MCPに対応している主なAIツール・クライアント
2026年時点では、既に数えきれないほどのクライアントがMCPに対応しています。代表的なものは次の通りです。
- Claude Desktop / Claude Code
- Cursor
- Windsurf
- VS Code(GitHub Copilot 経由)
- Gemini CLI
- ChatGPT
OpenAI・Google・Microsoft・AWSなど、業界を代表する企業が対応済みであり、ベンダー中立な標準規格として広く浸透しています。
MCPを使う具体的なメリット
1. 一度書けばどこでも動く
MCPサーバーを一度実装すれば、Claude DesktopでもCursorでもVS Codeでも、MCP対応のツールであればそのまま使えます。ツールごとに実装を書き直す必要がありません。
2. AIができることが大幅に広がる
単なる「質問への回答」だけでなく、データベースの検索・更新、Slackへの投稿、GitHubのPR作成といった実際の業務操作をAIが代わりに実行できるようになります。
3. 既存サービスとのシームレスな連携
GitHub、Slack、Notion、Googleドライブなど、すでに使っているサービスのMCPサーバーを追加するだけで、AIがそのサービスのデータを活用できます。
導入の流れ
Claude Desktopを例に、MCPサーバーを追加する際の大まかな流れを示します。
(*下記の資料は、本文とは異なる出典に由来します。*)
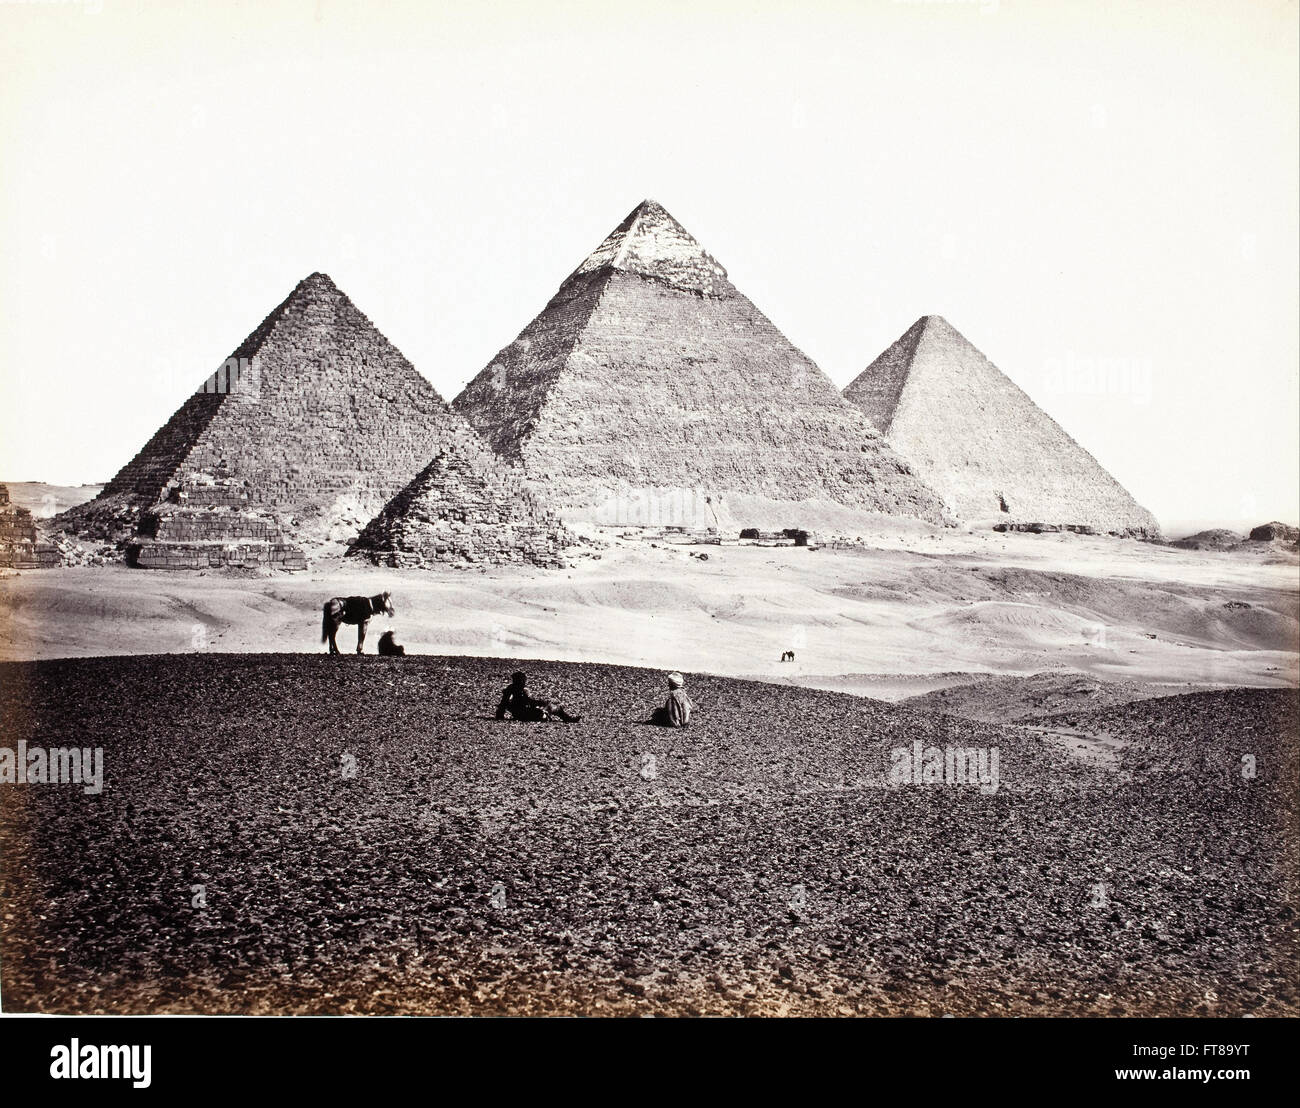 Francis Frith - Pyramids Of El-Geezeh (From The Southwest) -  Los Angeles County Museum of Art Stock Photo

細かい手順は各サーバーの公式ドキュメントを参照してください。
- 使いたいMCPサーバーをインストールする(多くは
npmやpipで提供) - Claude Desktopの設定ファイル(
claude_desktop_config.json)にサーバーの接続情報をJSON形式で記述する - Claude Desktopを再起動するとAIがそのサーバーのツール・リソースを認識できるようになる
{
"mcpServers": {
"filesystem": {
"command": "npx",
"args": ["-y", "@modelcontextprotocol/server-filesystem", "/path/to/allowed/dir"]
}
}
}
上記は公式のFilesystem MCP Serverを設定する際の例です。/path/to/allowed/dir の部分には、AIにアクセスを許可するディレクトリのパスを指定します。
セキュリティ上のリスク
MCPは便利な反面、外部システムへのアクセス権限をAIに与えるという性質上、セキュリティリスクも存在します。導入前に理解しておくべき主なリスクを紹介します。
ツールポイズニング
MCPサーバーのツール定義(メタデータや説明文)に悪意ある指示を埋め込む攻撃手法です。ユーザーには無害に見えても、AIがそのメタデータを読んだ際に意図しない動作を実行してしまう可能性があります。信頼できるソースのMCPサーバーのみを使用することが重要です。
過剰な権限の付与
GitHubの全リポジトリをカバーするような広範なアクセストークンを設定すると、意図しないデータが流出するリスクがあります。ツールごと・セッションごとに必要最小限の権限に絞ったトークンを使用するのが原則です。
認証なしのサーバー公開
調査によると、公開状態のMCPサーバーの中に認証や暗号化が施されていないものが多数確認されています。MCPサーバーをインターネットに公開する場合は、適切な認証(OAuth 2.1など)とアクセス制限を必ず設定してください。
APIキーのハードコーディング
設定ファイルにAPIキーやトークンを直接書き込むことは避けてください。環境変数やシークレットマネージャーを使って管理するのが安全な方法です。
まとめ
MCPを一言で表すなら「AIに手足を生やす標準規格」です。
- MCPはAIと外部ツールをつなぐオープンな標準プロトコル
- ホスト・クライアント・サーバーの3層構造でJSON-RPC 2.0通信
- GitHub、Slack、Notion、DBなど幅広いサービスのサーバーが公開中
- 2026年4月時点で公開サーバーは10,000以上
- セキュリティリスク(ツールポイズニング・過剰権限・認証不備)には注意が必要
- 仕様は活発に更新中のため、常に公式ドキュメントを確認することが重要
AIが「考える」だけでなく「実行する」ツールへと進化する中で、MCPはその基盤を担う重要な技術です。
まずは公式が提供しているFilesystem MCP ServerやGitHub MCP Serverを試してみることで、MCPの可能性を実感できるでしょう。